In [2]:
!pip install fuzzywuzzy

Collecting fuzzywuzzy
  Downloading fuzzywuzzy-0.18.0-py2.py3-none-any.whl.metadata (4.9 kB)
Downloading fuzzywuzzy-0.18.0-py2.py3-none-any.whl (18 kB)
Installing collected packages: fuzzywuzzy
Successfully installed fuzzywuzzy-0.18.0


In [8]:
import pandas as pd
from fuzzywuzzy import process

# Step 1: Load the datasets
aid_data = pd.read_csv("aiddata_grant_loan.csv", sep=';')
outcome_data = pd.read_excel("OutcomeData (1).xlsx")

# Step 2: Match French recipient country names to English names
aid_countries = aid_data['recepient'].unique()
outcome_countries = outcome_data['Country_Name'].unique()

country_map = {}
for fr_country in aid_countries:
    match, score = process.extractOne(fr_country, outcome_countries)
    country_map[fr_country] = match if score > 80 else None

# Manual corrections for unmatched countries
manual_country_fixes = {
    'Erythree': 'Eritrea',
    'Soudan du Sud': 'South Sudan',
    'Maurice': 'Mauritius',
    'Gambie': 'Gambia',
    'Afrique centrale non specifie': 'Central Africa (unspecified)',
    'Republique centrafricaine': 'Central African Republic',
    'Afrique du Sud': 'South Africa',
    'Djibouti': 'Djibouti',
    'Afrique occidentale non specifie': 'Western Africa (unspecified)',
    'Albanie': 'Albania',
    'Afrique australe non specifie': 'Southern Africa (unspecified)',
    'Afrique orientale non specifie': 'Eastern Africa (unspecified)',
    'Sainte-Helene': 'Saint Helena',
    'Mayotte': 'Mayotte'
}
country_map.update(manual_country_fixes)

# Apply mapping
aid_data['recepient_en'] = aid_data['recepient'].map(country_map)
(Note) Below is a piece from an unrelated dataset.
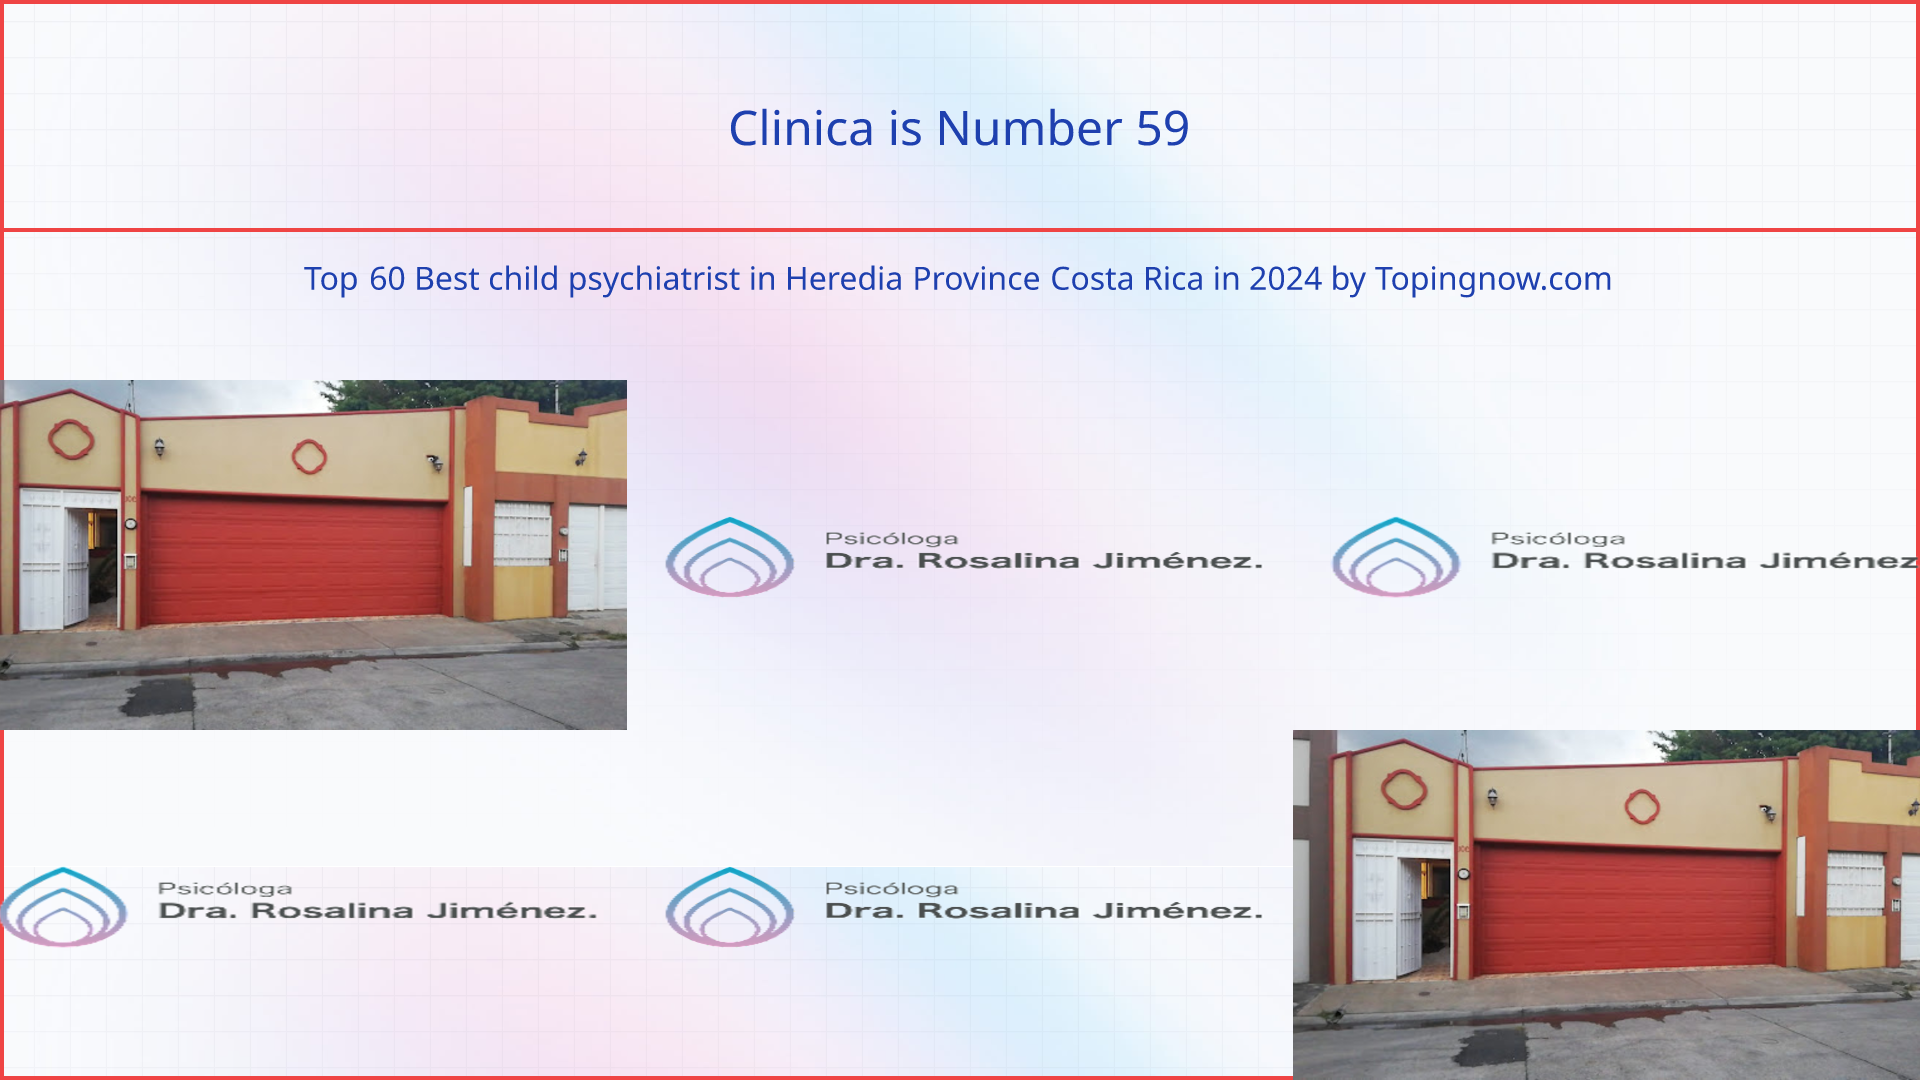 Clinica: Top 60 Best child psychiatrist in Heredia Province Costa Rica in 2024

# Step 3: Transform outcome data to wide format
outcome_melted = outcome_data.melt(
    id_vars=['Country_Name', 'Series_Name'],
    var_name='year',
    value_name='value'
)

# Clean year column (extract just the 4-digit year)
outcome_melted['year'] = pd.to_numeric(outcome_melted['year'].str.extract(r'(\d{4})')[0], errors='coerce')

# Pivot so each series is a separate column
outcome_pivot = outcome_melted.pivot_table(
    index=['Country_Name', 'year'],
    columns='Series_Name',
    values='value',
    aggfunc='first'
).reset_index()

# Step 4: Merge Aid and Outcome data
merged = pd.merge(
    outcome_pivot,
    aid_data,
    how='left',
    left_on=['Country_Name', 'year'],
    right_on=['recepient_en', 'year']
)

# Step 5: Add binary column for aid presence
merged['aid_received'] = merged['aidamount'].notna().astype(int)

# Step 6: Final selection of relevant columns
final_df = merged[[
    'Country_Name', 'year', 'donar', 'measure', 'aidamount', 'aid_received'
] + [col for col in merged.columns if col not in [
    'Country_Name', 'year', 'recepient', 'recepient_en',
    'donar', 'measure', 'aidamount', 'aid_received',
    'unitmeas', 'Type de prix', 'baseperiod', 'unitmult',
    "Multiplicateur d'unite", 'flowtype', 'Type de flux'
]]]

# Replace French measure names with standard English labels
measure_translation = {
    "Aide alimentaire": "Development Food Aid",
    "Aide alimentaire developpementale": "Development Food Aid",
    "Aide humanitaire": "Humanitarian Aid",
    "Aide humanitaire": "Humanitarian Aid",
    "APD en % du RNB du receveur": "ODA as % of GNI of Recipient",
    "APD par habitant": "ODA per Capita",
    "Cooperation technique,": "Technical Cooperation",
    "Coopération technique": "Technical Cooperation",
    "Dons d'APD, versements": "ODA Grants, Disbursements",
    "Prets d'APD,": "ODA Loans"
}

final_df['measure'] = final_df['measure'].replace(measure_translation)

# Optional: Save to CSV
final_df.to_csv("merged_aid_loan_grant_outcome_data.csv", index=False)

A value is trying to be set on a copy of a slice from a DataFrame.
Try using .loc[row_indexer,col_indexer] = value instead

See the caveats in the documentation: https://pandas.pydata.org/pandas-docs/stable/user_guide/indexing.html#returning-a-view-versus-a-copy
  final_df['measure'] = final_df['measure'].replace(measure_translation)


In [11]:
final_df.measure.unique()

array(['Development Food Aid', 'Humanitarian Aid',
       'Cooperation technique, versements', 'ODA Grants, Disbursements',
       "Prets d'APD, versements net", nan], dtype=object)